I have a simple function in C which takes int* argument and I have the declaration of it in the header file like this:
void mapAuditFioError(int *errno);
But compiler cirbs compiling the files including this header as follows:
"warning: function declaration isn't a prototype"
and also:
"warning: passing argument 1 of 'mapAuditFioError' from incompatible pointer type"
even though am invoking it with a integer pointer itself.
Browsing for this warning always talks about functions like this : int func() which should actually be declared as int func(void). But what is the problem in my function above?
This is because errno is a reserved name in C (free-standing implementations aside), used for communicating erroneous conditions from standard library functions.

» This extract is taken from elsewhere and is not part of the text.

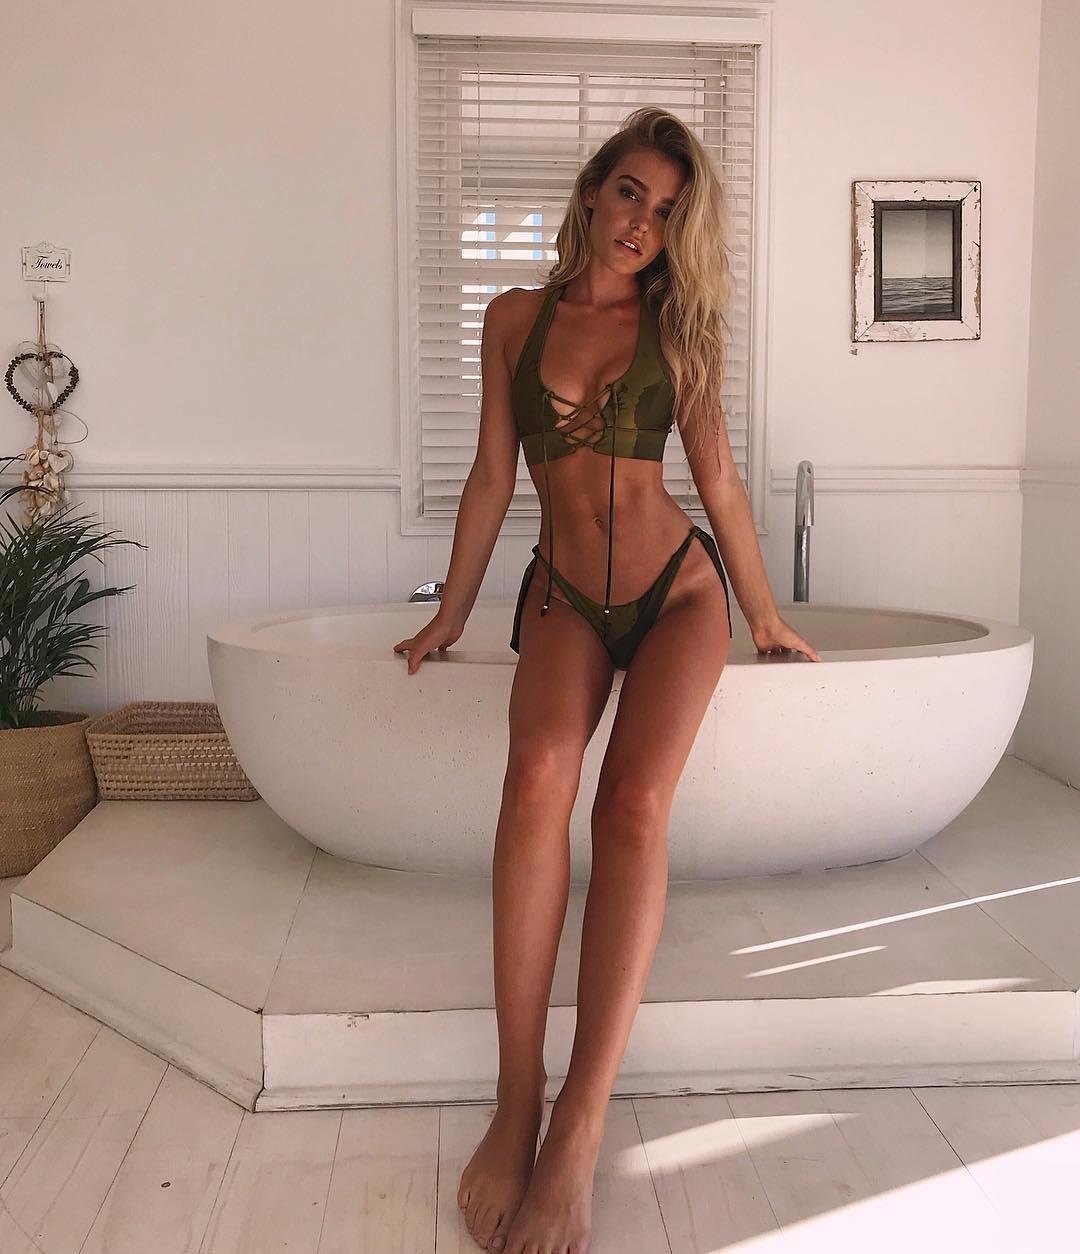 Pussy Georgia Gibbs nudes (77 pictures) Sideboobs, YouTube, braless

As the glibc documentation says:
The names of all library types, macros, variables and functions that come from the ISO C standard are reserved unconditionally; your program may not redefine these names. All other library names are reserved if your program explicitly includes the header file that defines or declares them.

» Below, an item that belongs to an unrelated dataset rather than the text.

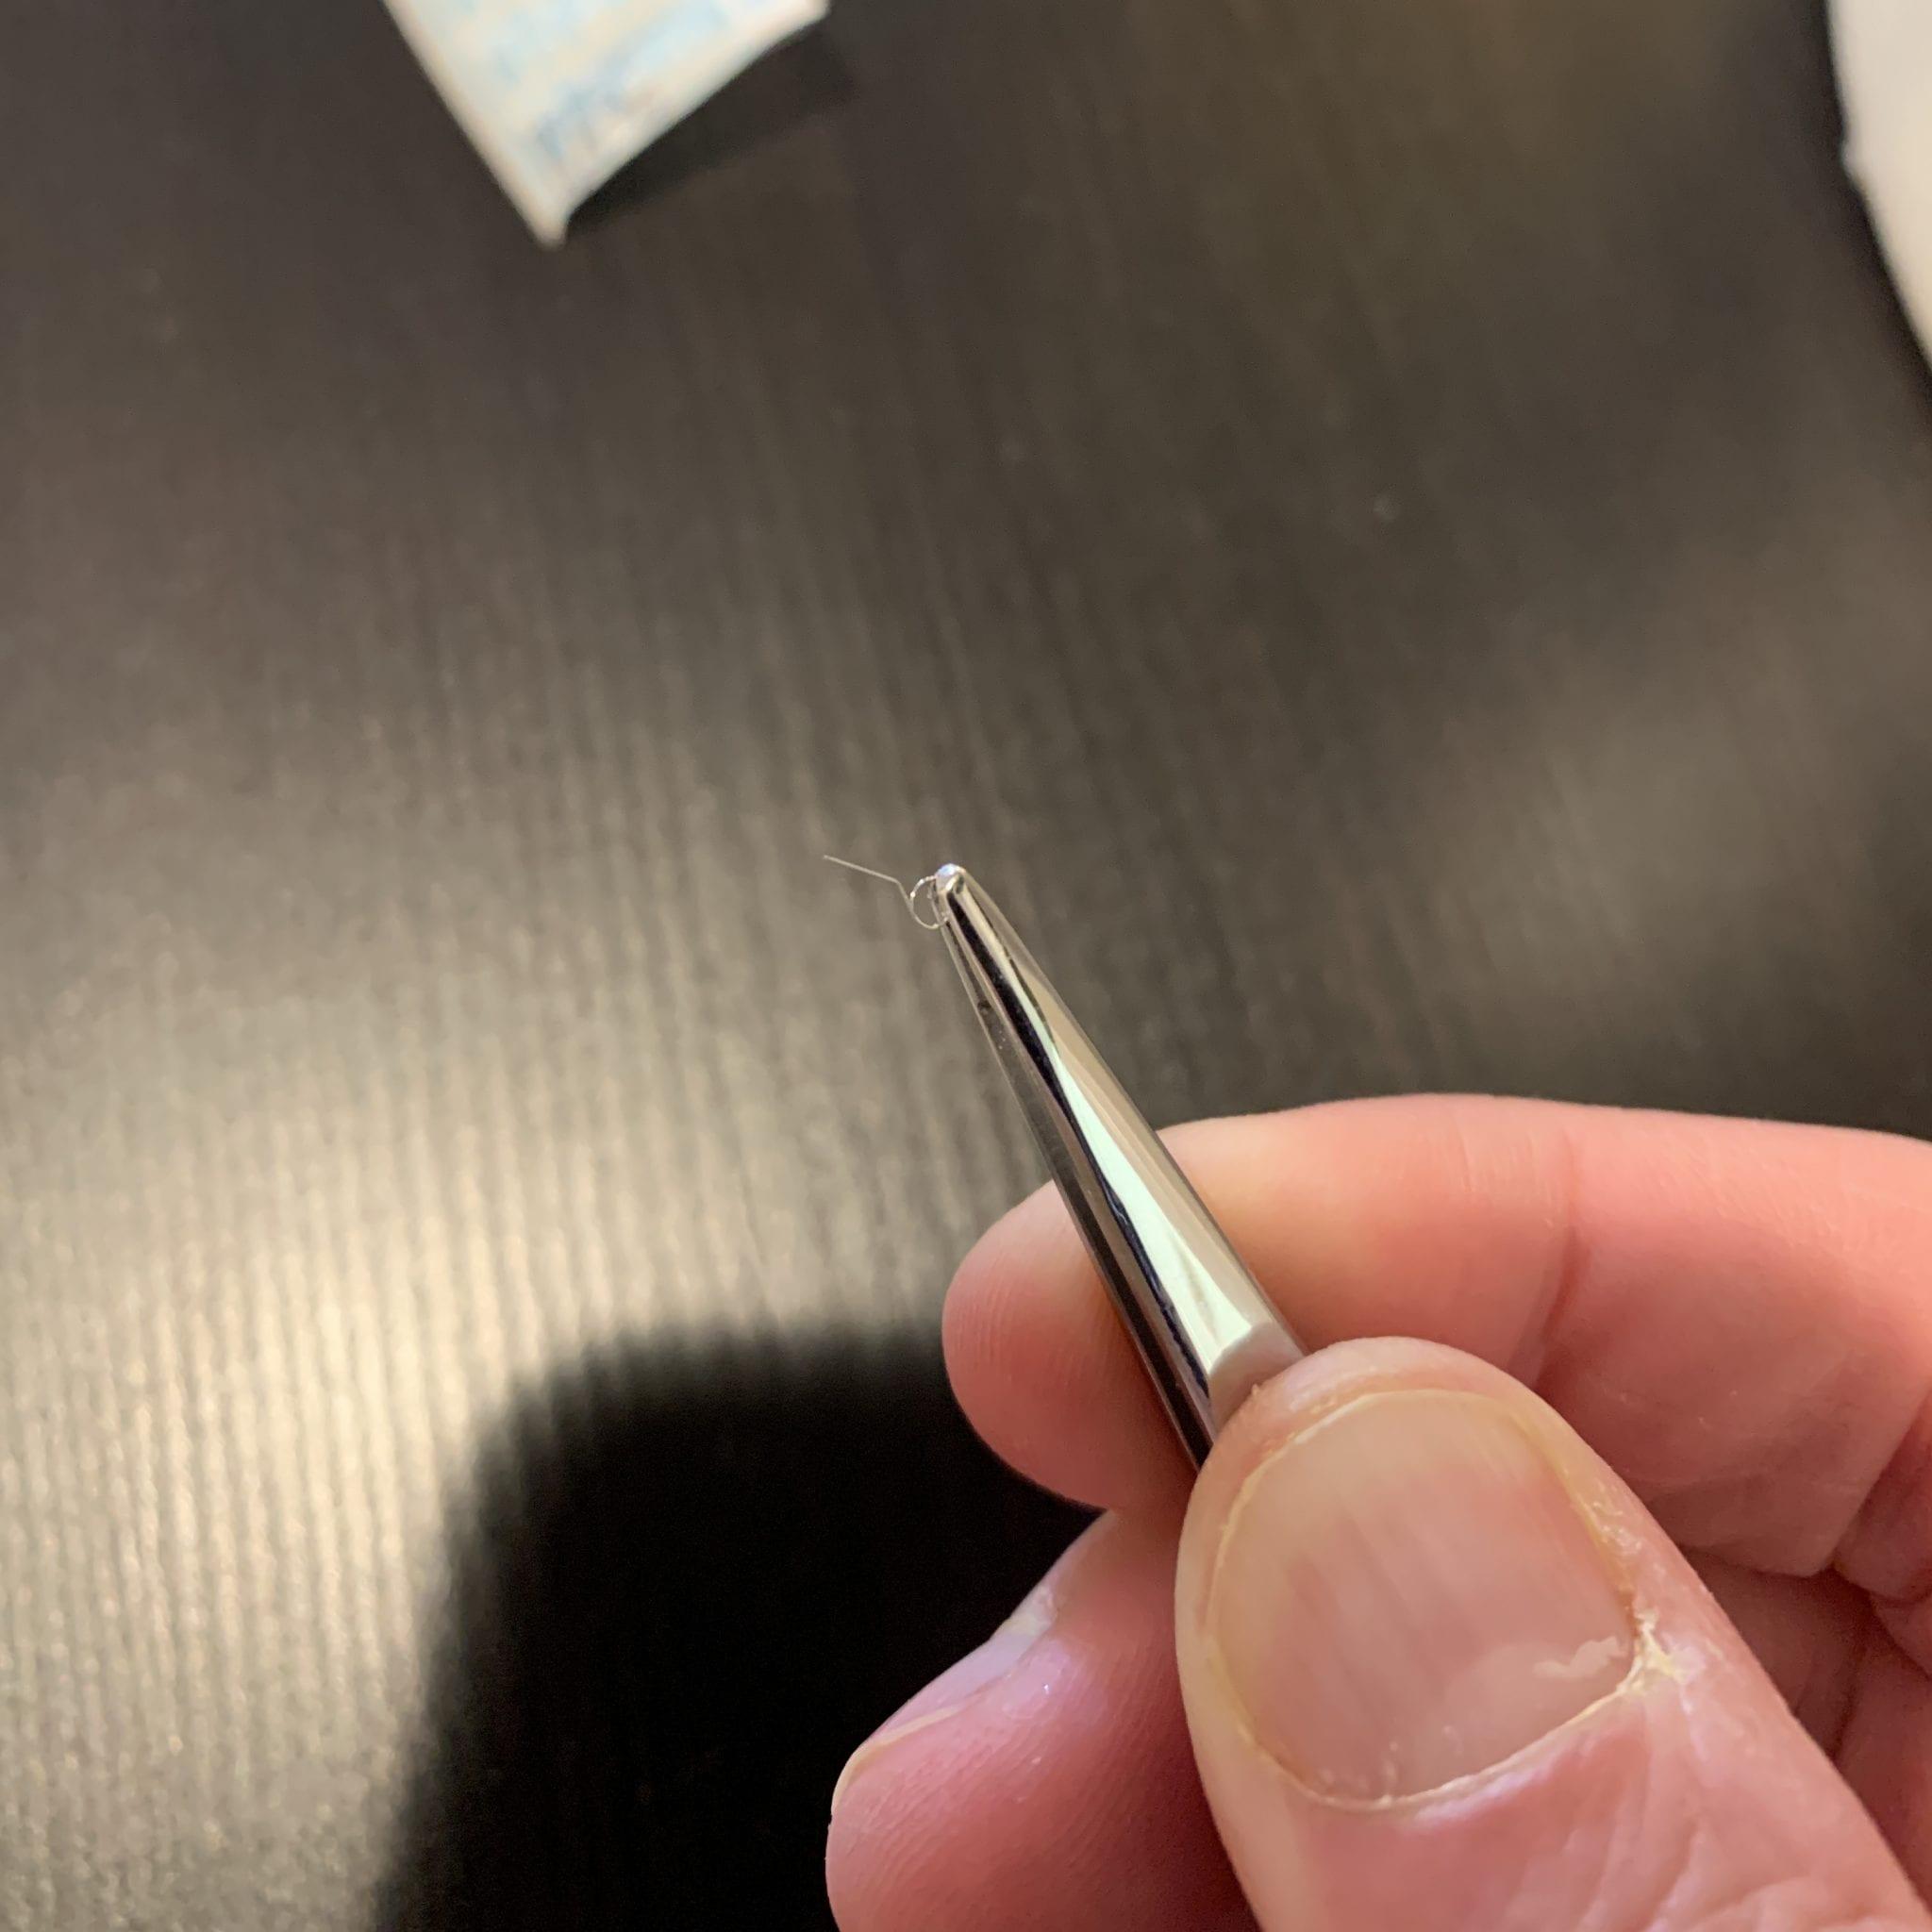 Another Spinex Needle Photo

You cannot use errno as a variable name. It could be declared as a macro, and often it is.
For example on GCC and glibc on my Linux, if I include say <stdio.h> before the prototype,
void foo(int *errno);
is preprocessed into
void foo(int *(*__errno_location ()));
Now, that does compile without warnings because it is a legal construct; on your C compiler the errno behaves differently.
To fix it, call your parameter something else, such as errcode or error_number.
The C11 standard N1570 Committee Draft 7.5 on <errno.h> specifically says that
If a macro definition is suppressed in order to access an actual object, or a program defines an identifier with the name
errno, the behavior is undefined.